• _Source material_
|---|
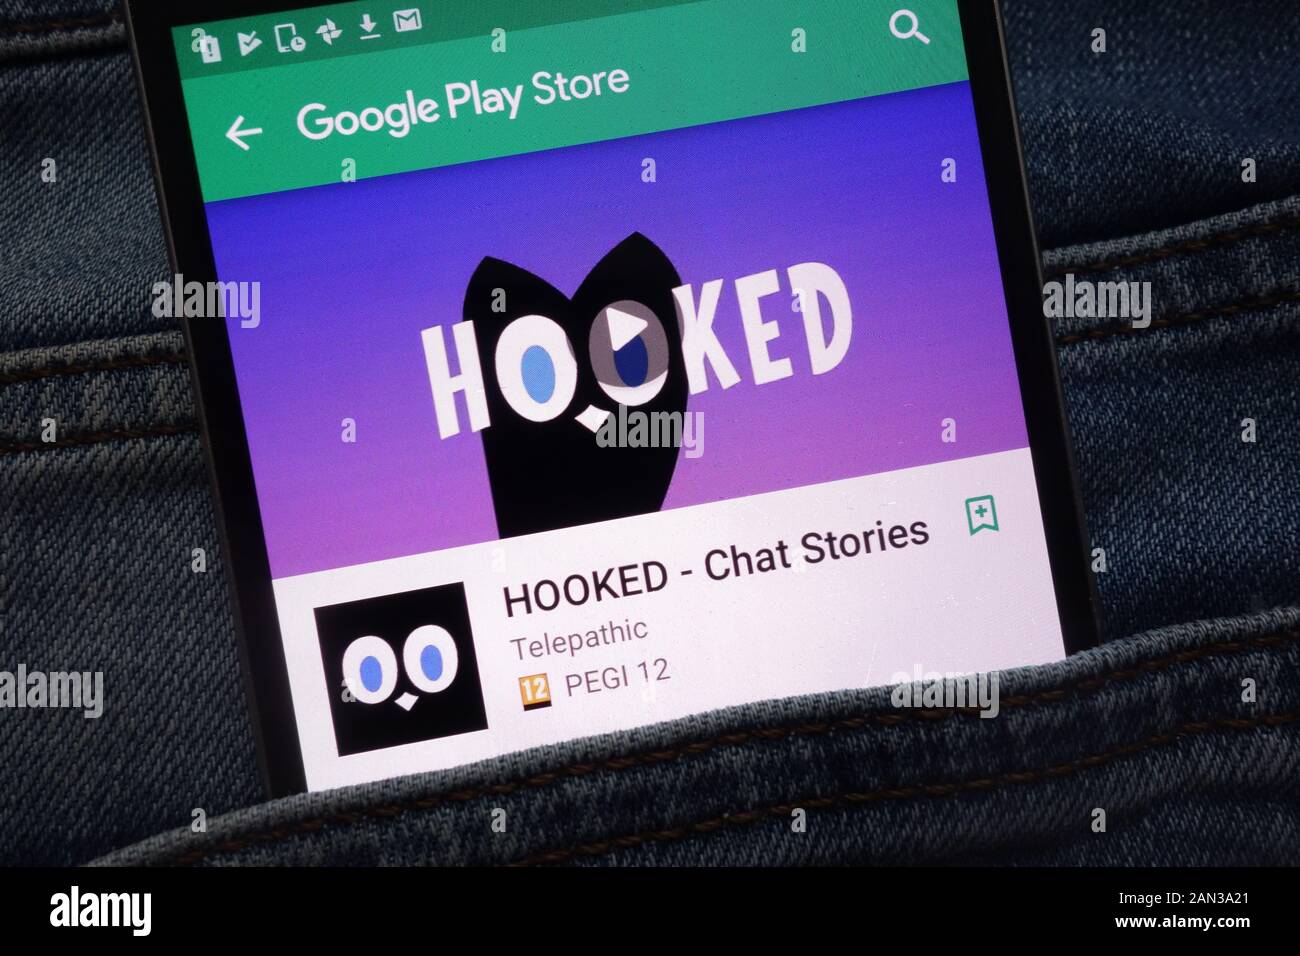 HOOKED - Chat Stories - Apps on Google Play
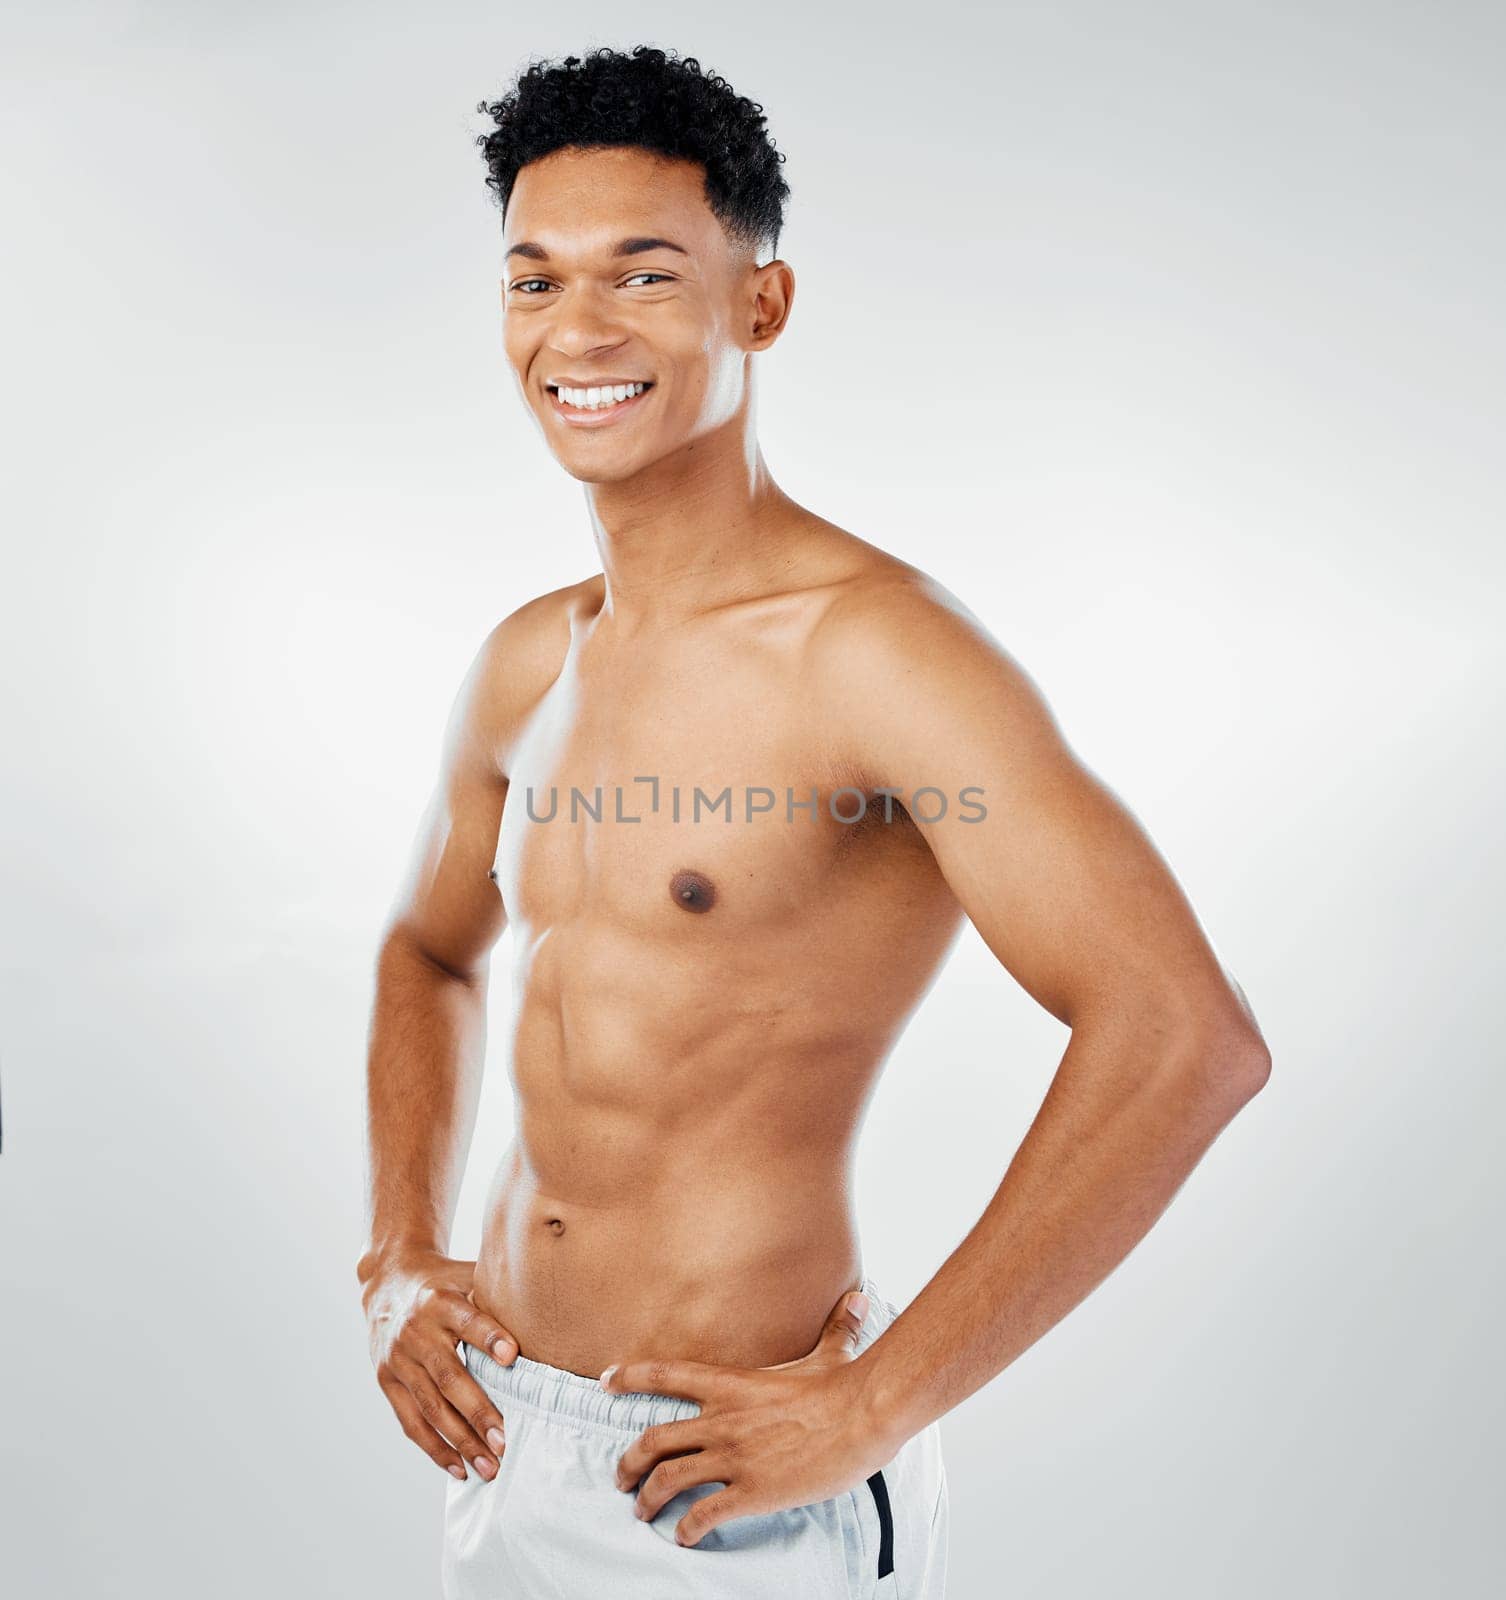 Fitness, health and a portrait of topless man with muscles, mindset and motivation for sports workout. Exercise, gym and a bodybuilder with smile on face, growth and healthy body for happy lifestyle
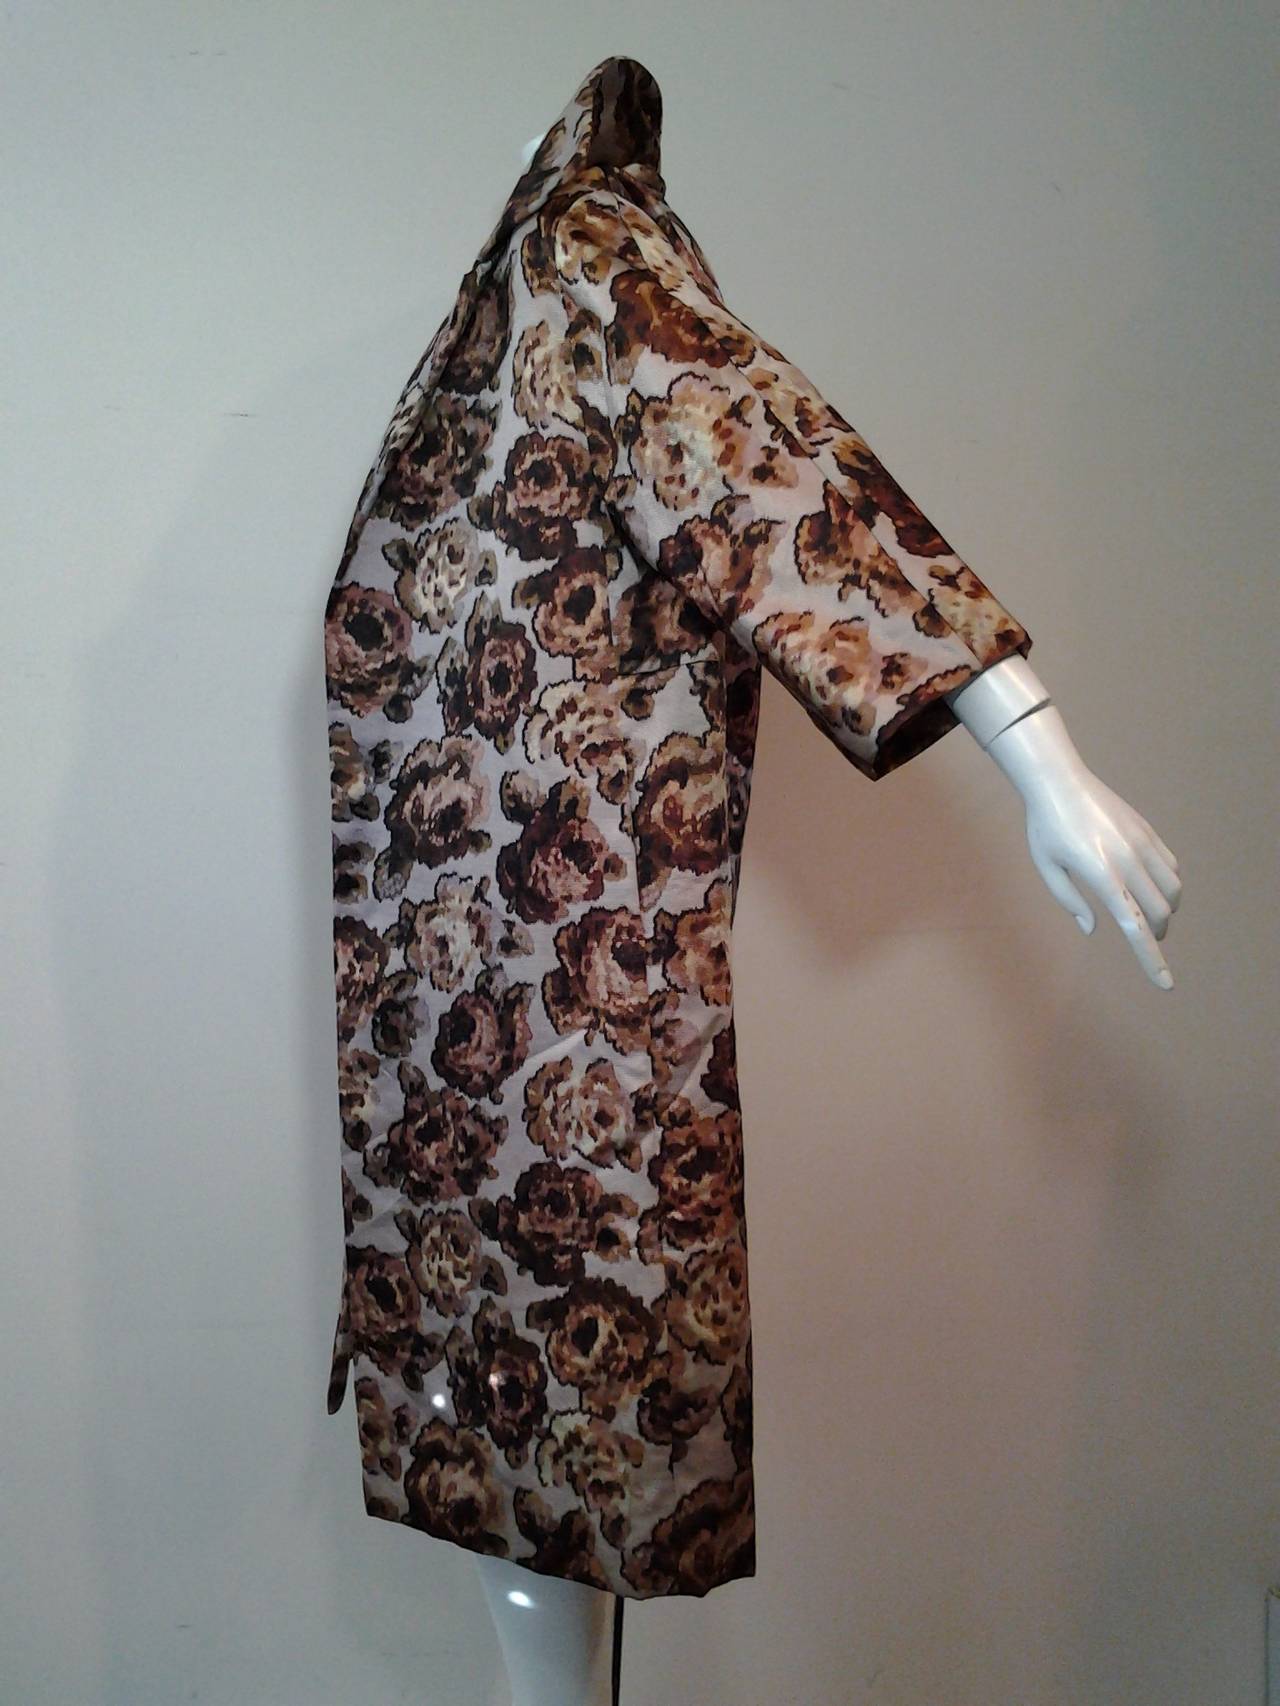 A wonderful 1950s Bonwit Teller silk floral faille evening coat.  No closures, 3/4 length sleeves, side seam pockets, notched collar.  Coat is lined with same fabric as outer fabric. 

Colors are muted gray violet background with brown and tan
|---|
• _Work task_
The lines from the one containing "A wonderful 1950s" to the final line of the material, both ends included, should be retyped exactly and alone, with no pictures.

• _Written solution_
 A wonderful 1950s Bonwit Teller silk floral faille evening coat.  No closures, 3/4 length sleeves, side seam pockets, notched collar.  Coat is lined with same fabric as outer fabric. 

Colors are muted gray violet background with brown and tan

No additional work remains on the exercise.